But as part of that [social] contract, it is also reasonable to expect residents of the society who can do so to contribute an appropriate amount to their own health care. This translates into a requirement on individuals to enroll themselves and their dependents in at least a basic health plan — one that at the minimum should protect the rest of society from large and unexpected medical costs incurred by the family. And as any social contract, there would also be an obligation on society. To the extent that the family cannot reasonably afford reasonable basic coverage, the rest of society, via government, should take responsibility for financing that minimum coverage.

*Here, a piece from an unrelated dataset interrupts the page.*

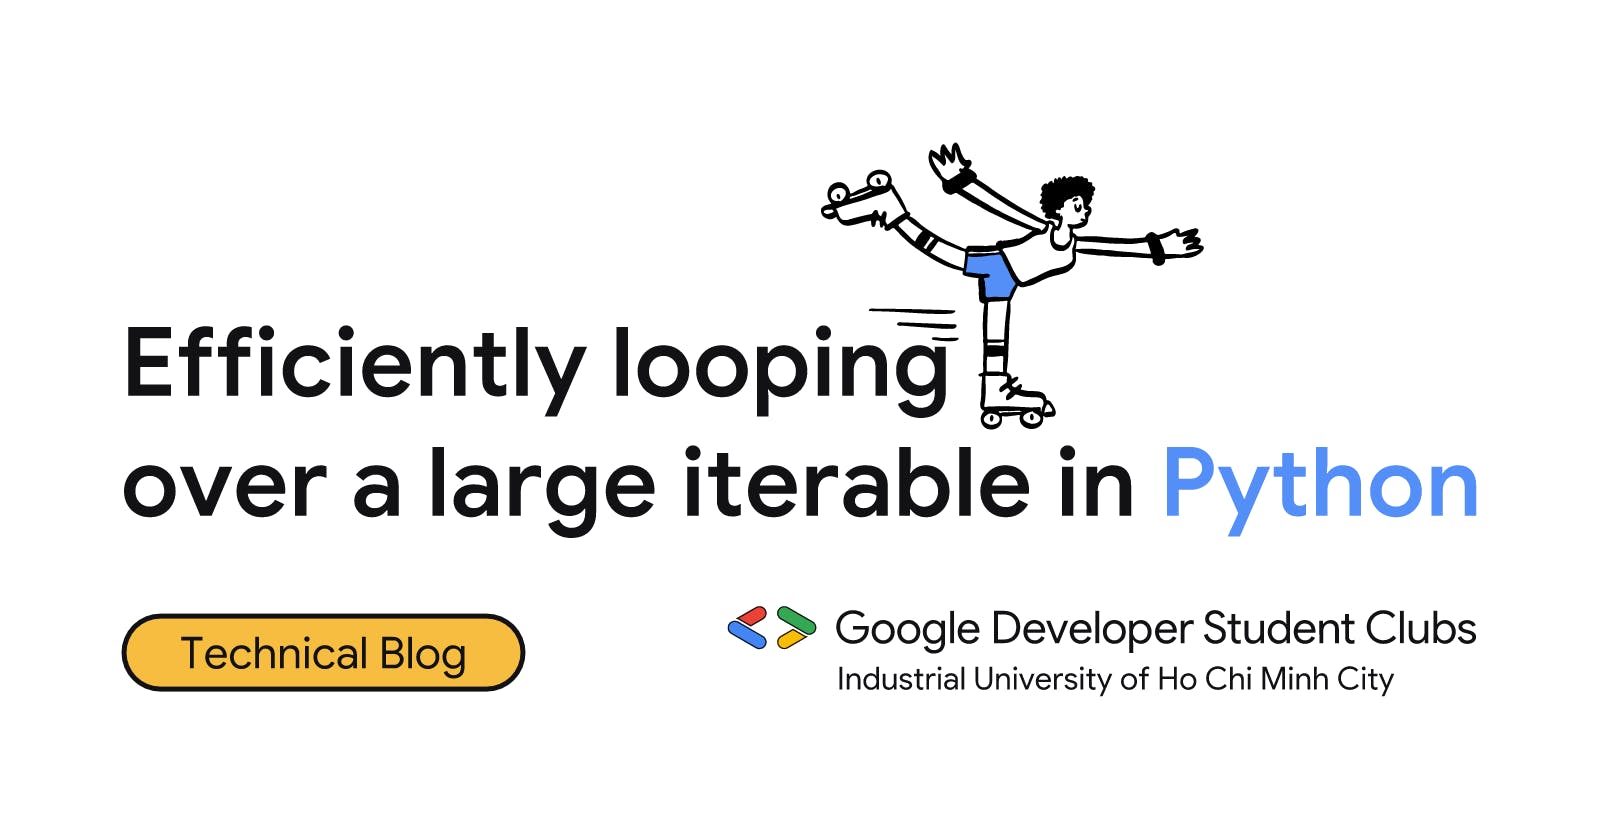 Efficiently looping over a large iterable in Python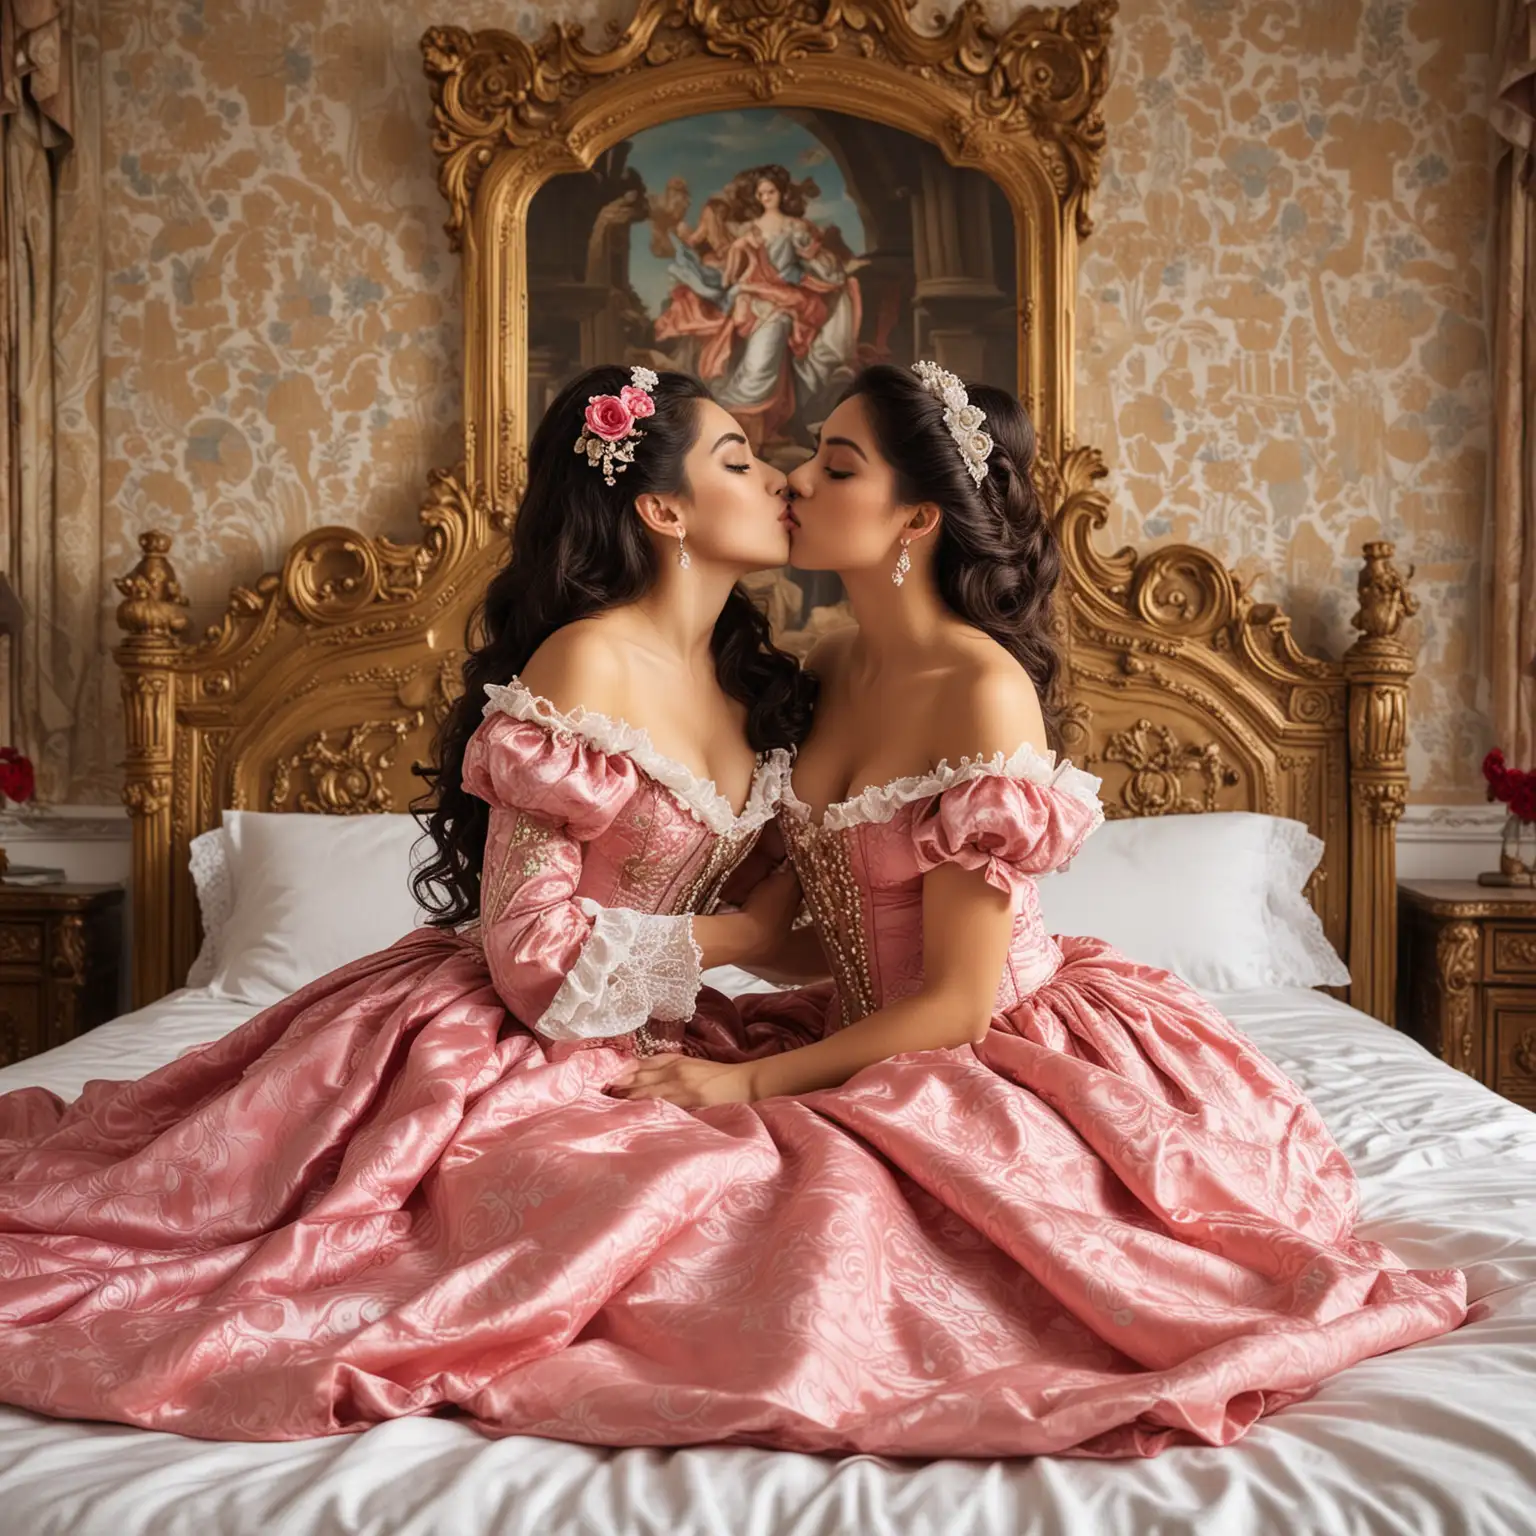 Mexican Beauties Sharing Intimate Moment on Ornate Bed

The obligations on individuals does not have to be a “hard” mandate, in the sense that failure to obtain coverage would be illegal. It could be a “soft” mandate, meaning that failure to obtain coverage could result in the loss of tax benefits and other government entitlements.
Now of course I’ll grant that neither Butler’s plan nor the version of this plan touted by Ron Bailey in Reason in 2003 is exactly the same as what you find in the Affordable Care Act. But that’s exactly the point. Conservatives could, if they wanted to, have offered something like what Butler or Bailey favor as an alternative and then compromised between Obama’s ideas and this Butler/Bailey alternative. That would have probably meant a less-generous minimum benefits package and less reliance on Medicaid expansion. But instead the right chose to gamble on the idea of totally defeating the Obama administration and they wound up with a more leftwing policy than otherwise would have been the case. And they have only themselves to blame.